Despite some over cooked fund raisings causing a few ripples recently . A couple of high profile trade sales underline the value that a great brand brings to a business.
There’s been a lot of talk recently about whether there’s another tech bubble forming, but I see two separate themes emerging. On the one hand there’s companies like Color and Pandora that raised funding purely on the strength of an idea and a solid team. Neither company has revealed how or when they will generate revenue. There was much hand wringing after Color’s VC round and Pandora’s share price crashed almost immediately post IPO. These are worrying signals in a market where entrepreneurs are being told to go out and raise as much cash as possible, whilst times are still good.

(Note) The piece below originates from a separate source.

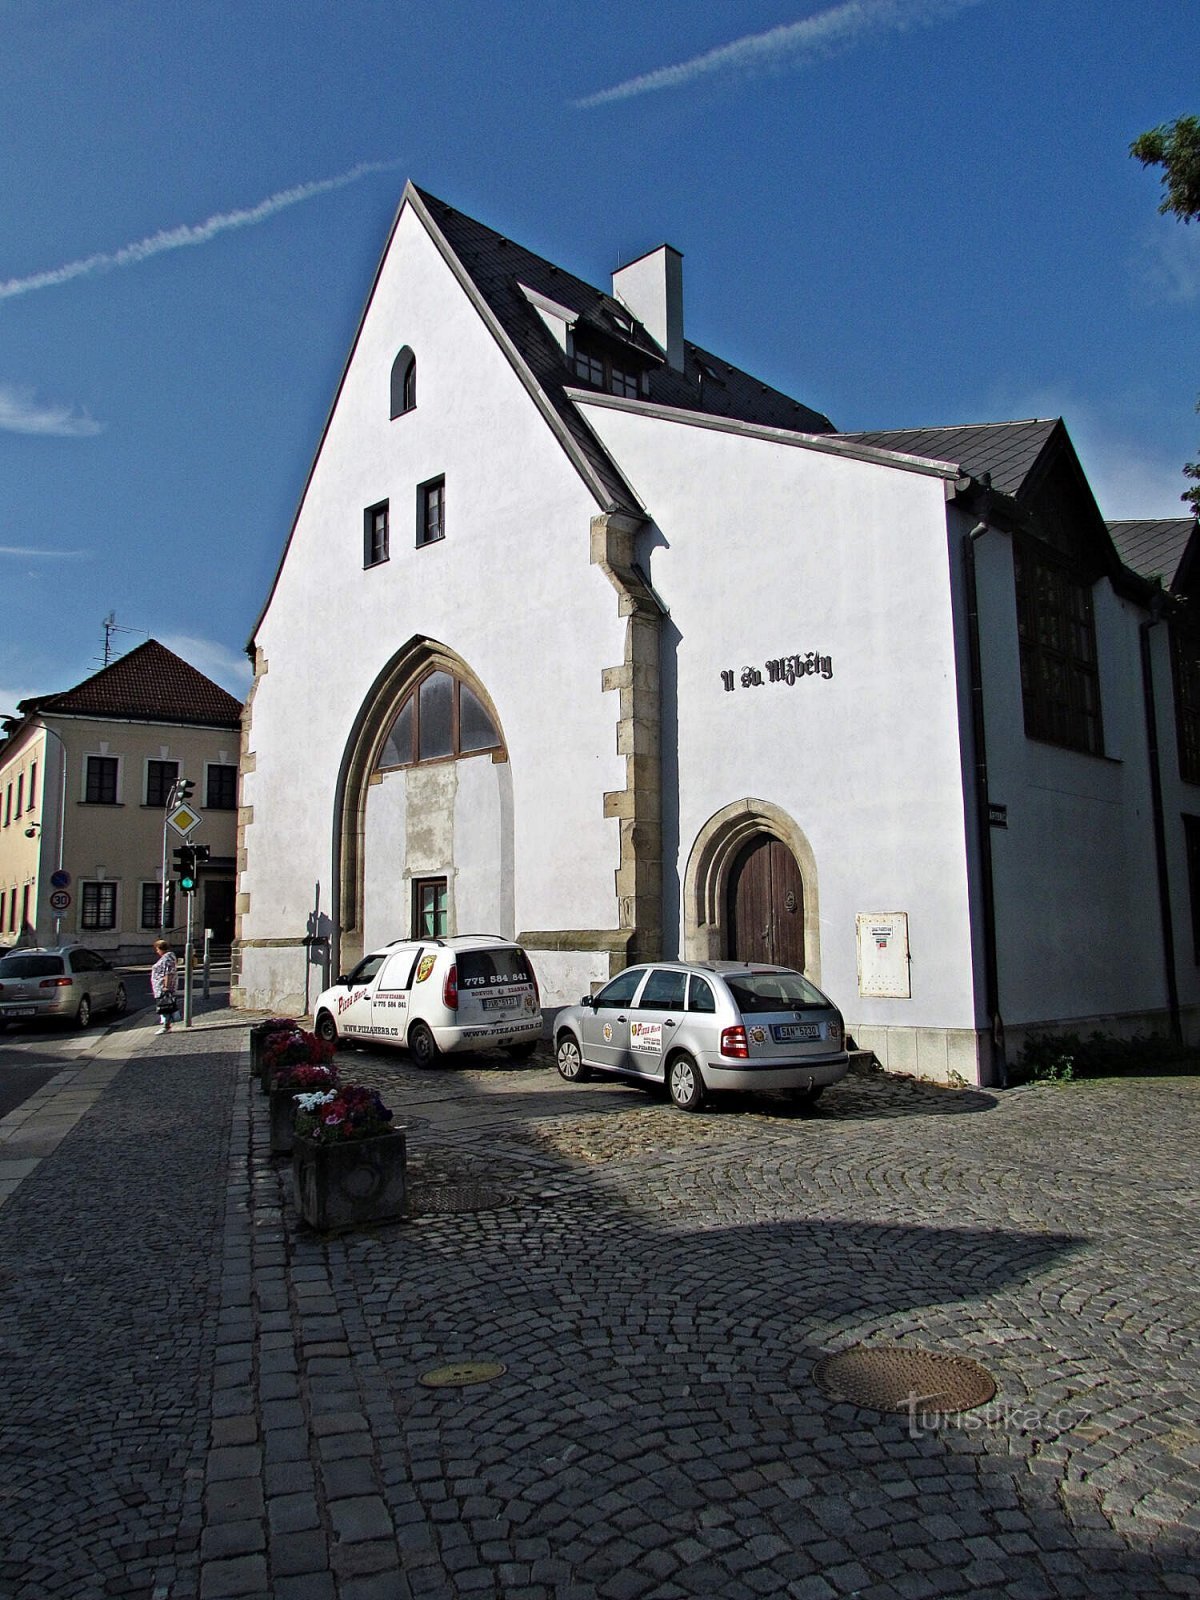 Jindřichův Hradec - nhà thờ Thánh Elizabeth bị hủy bỏ
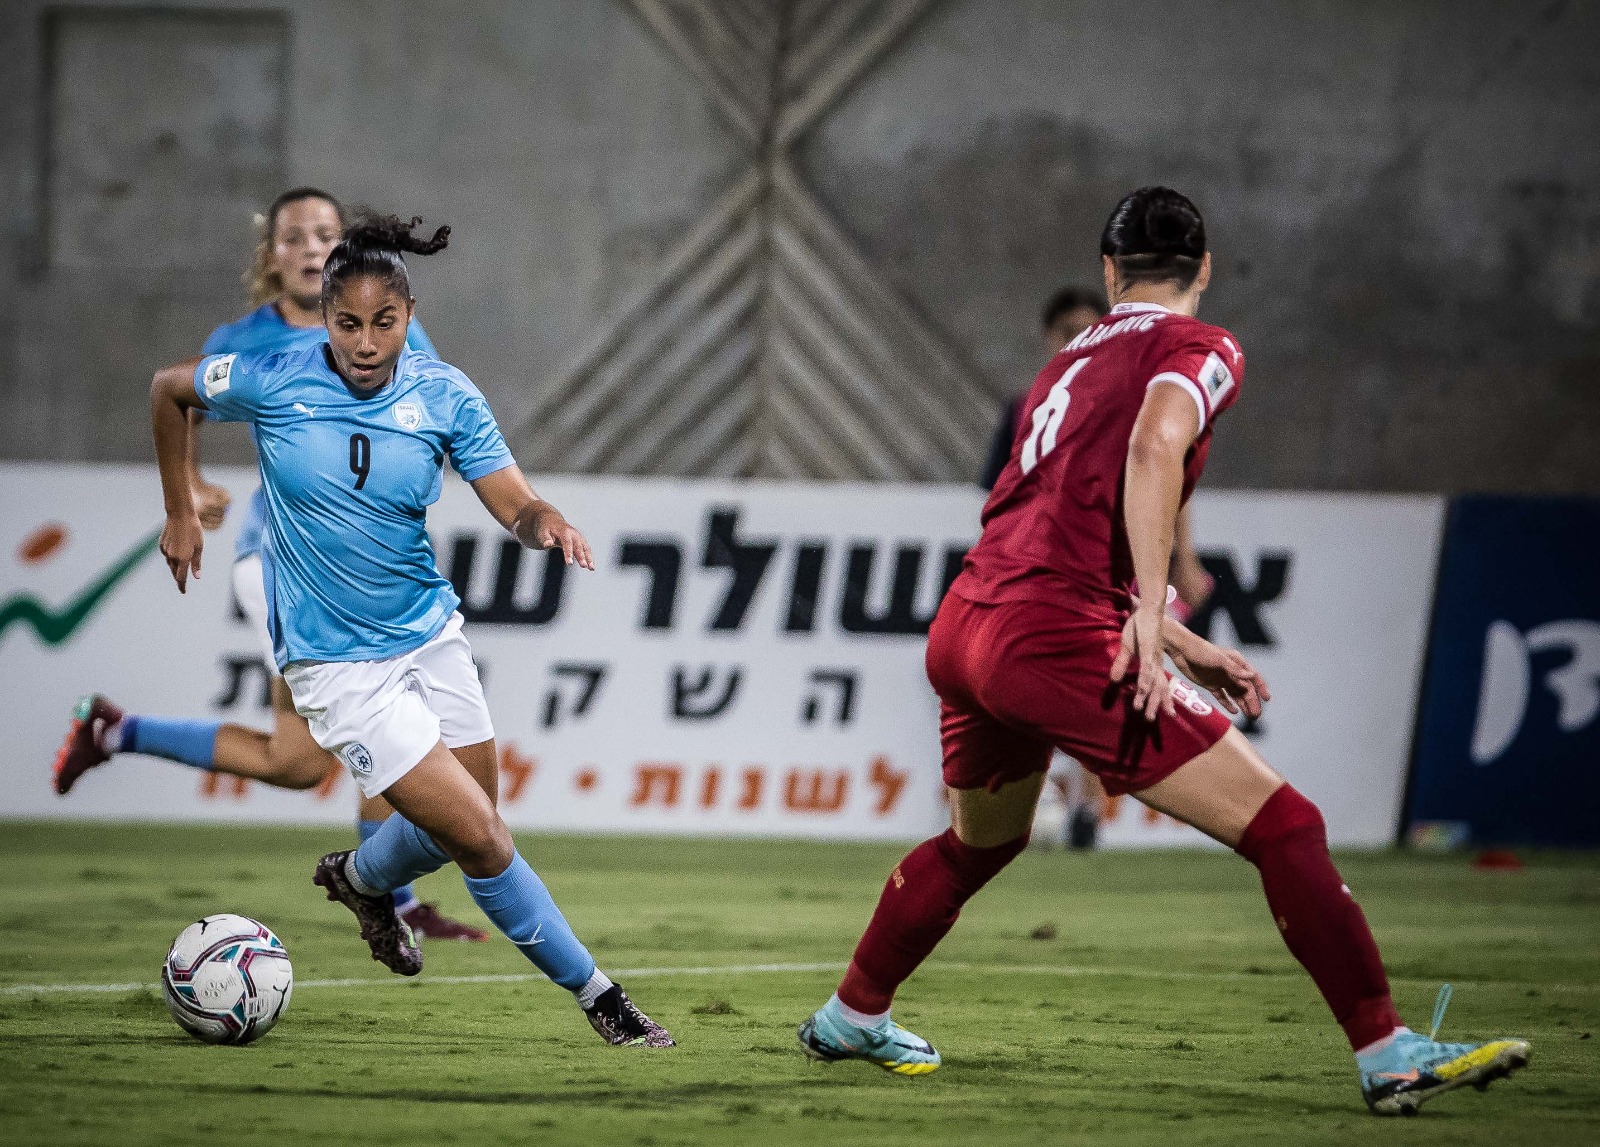 קורל חזן במדי נבחרת הנשים של ישראל בכדורגל מול סרביה במוקדמות המונדיאל (צילום: עודד קרני, באדיבות ההתאחדות לכדורגל בישראל)

On the other hand, there are solid companies with good revenues and little debt that are cashing up through trade sale opportunities. The Go Daddy transaction was a case in point. This deal had been in the making for some time and looks like a win-win for both the founders and the institutional investors in terms of timing. Obviously it was of great interest to us at iWantMyName because GD are the largest domain registrar on the planet, with around a quarter of the entire global market.
Closer to home, the $139M buyout of listed drinks maker Charlies by Japan’s largest brewer Asahi also looks like a big win. What all of these companies have in common are great brand assets. Where they differ is that some of them not only do not generate profits, but in some cases the value proposition is less than clear. Even a great brand cannot compensate for these failings. Winning companies have recognisable brands, high performing systems or technologies and a means of generating repeating revenues. You’d have to be a right Charlie to invest in a company that didn’t have these attributes.